Brief :: Nothing in the data should change when you return it, but leave the pictures out.

Dataset excerpt ::

*-*-*

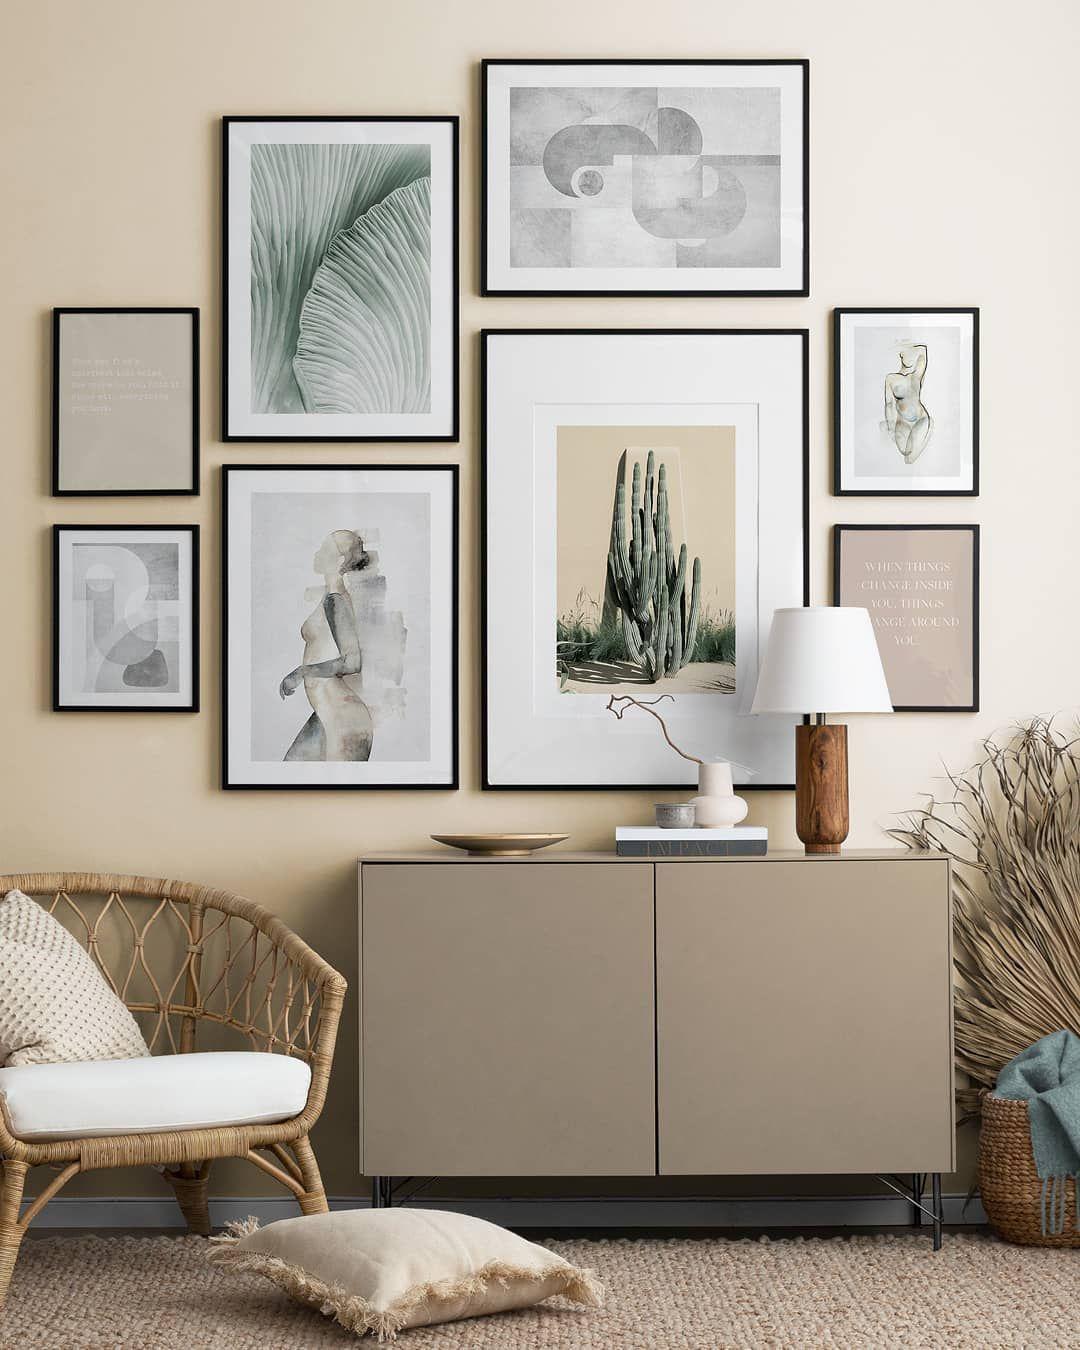 5 759 Otmetok Nravitsya 19 Kommentariev Desenio Posters Online Desenio V Instagram Simple Yet Warm T In 2020 Living Room Decor Inspiration Decor Home Decor
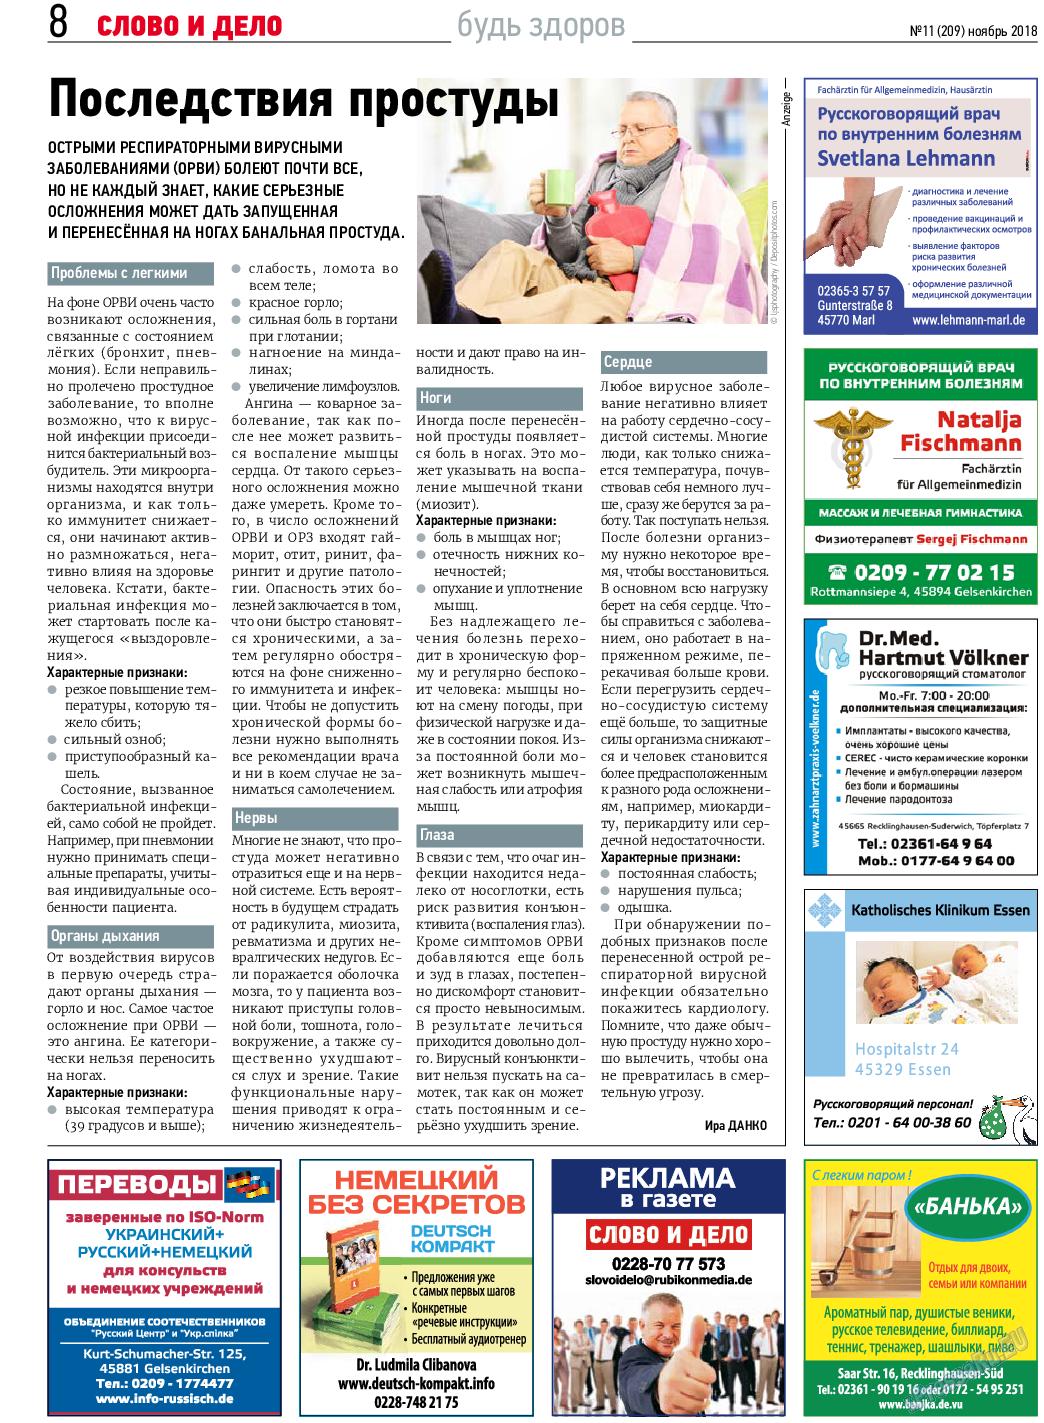 Слово и дело (газета). 2018 год, номер 11, стр. 8
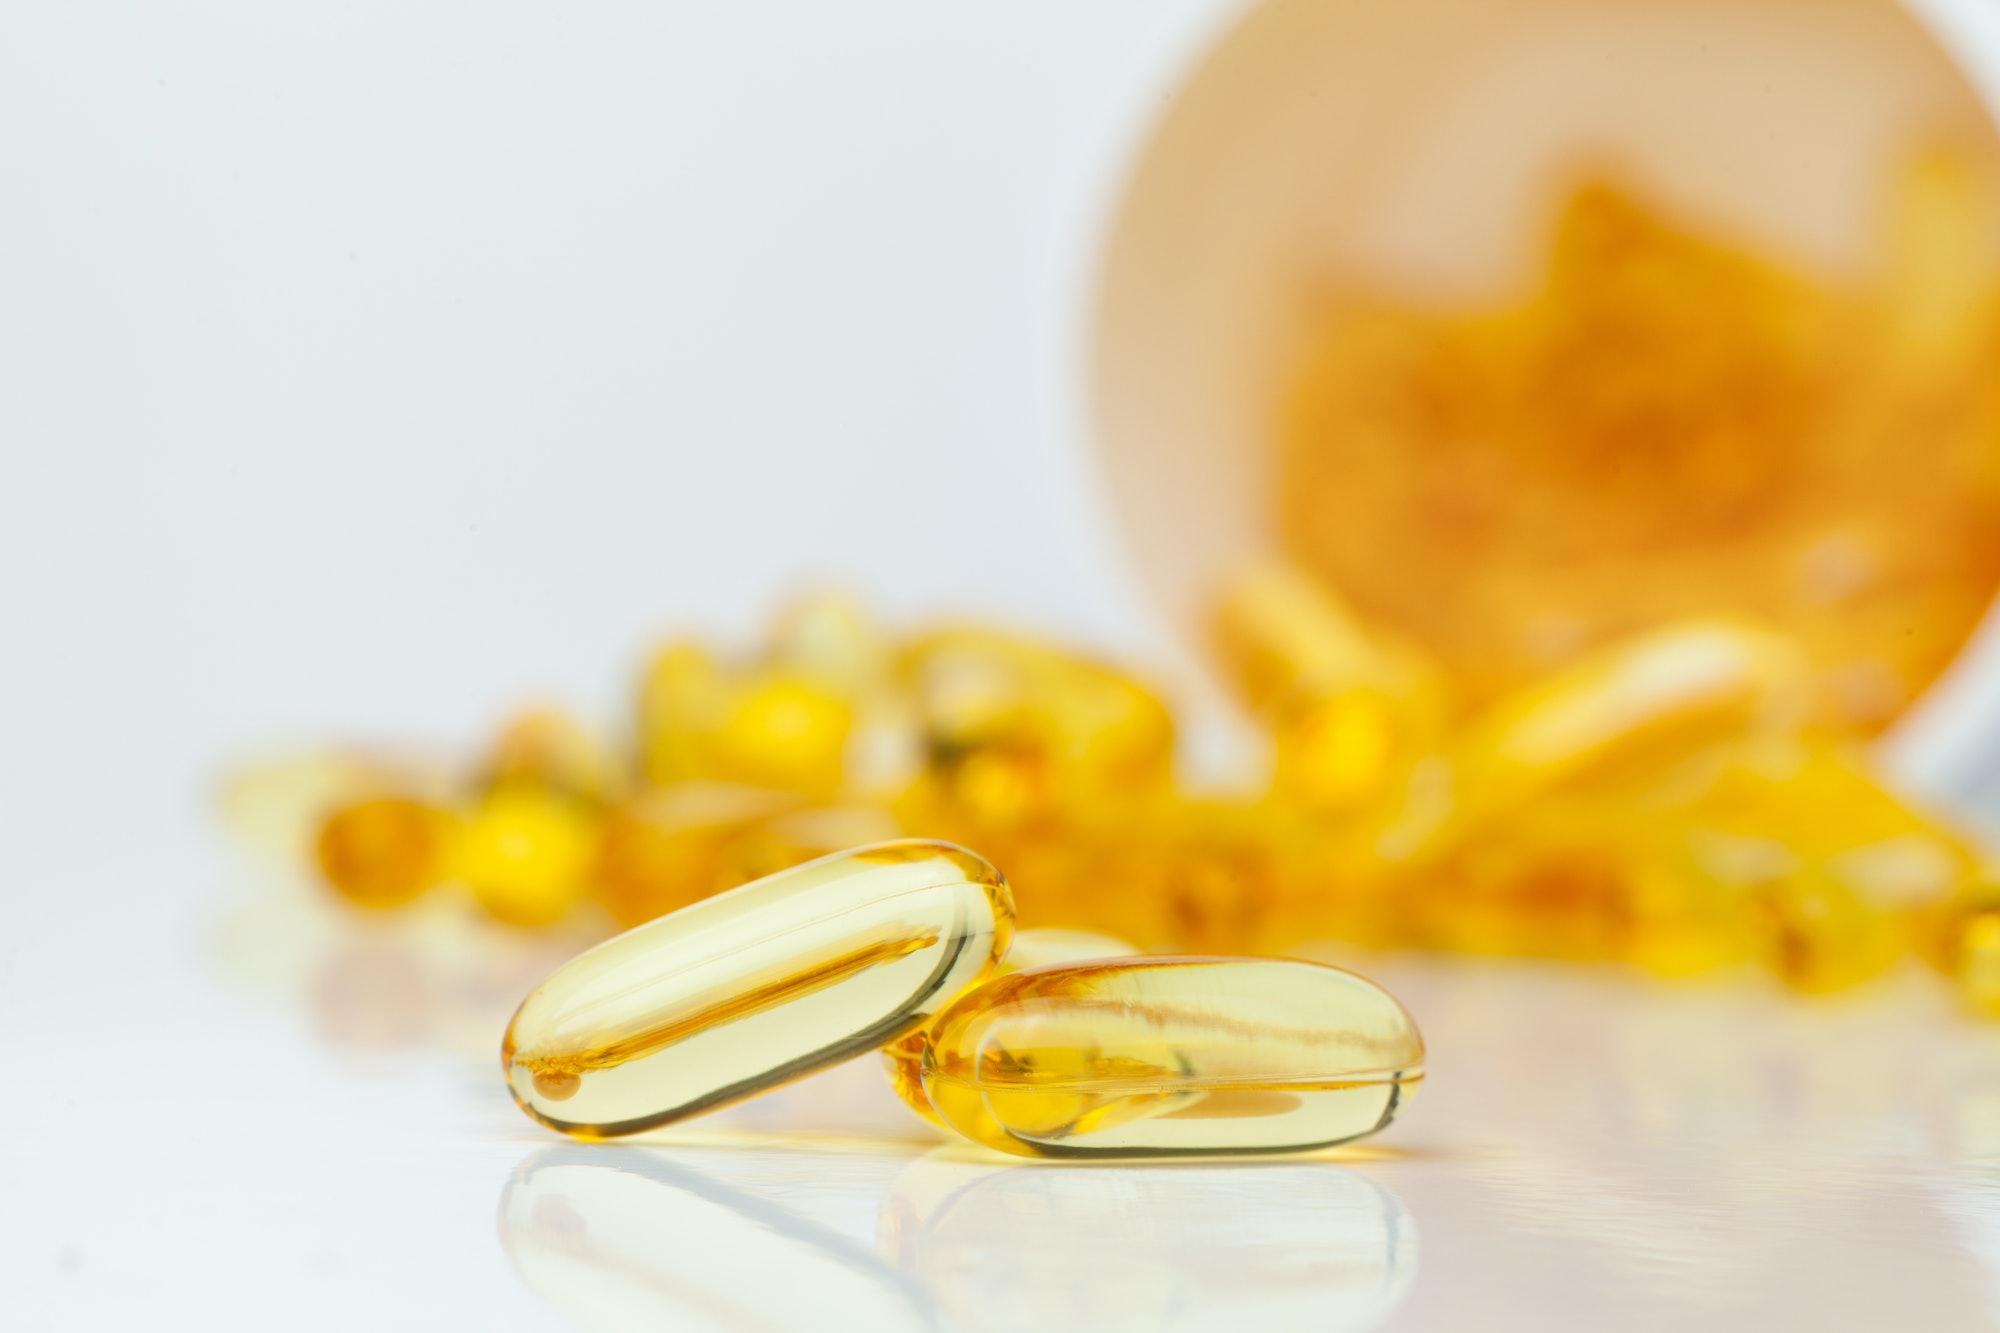 omega-3s, sperm

*-*-*

Answer below ::
 5 759 Otmetok Nravitsya 19 Kommentariev Desenio Posters Online Desenio V Instagram Simple Yet Warm T In 2020 Living Room Decor Inspiration Decor Home Decor
 Слово и дело (газета). 2018 год, номер 11, стр. 8
 omega-3s, sperm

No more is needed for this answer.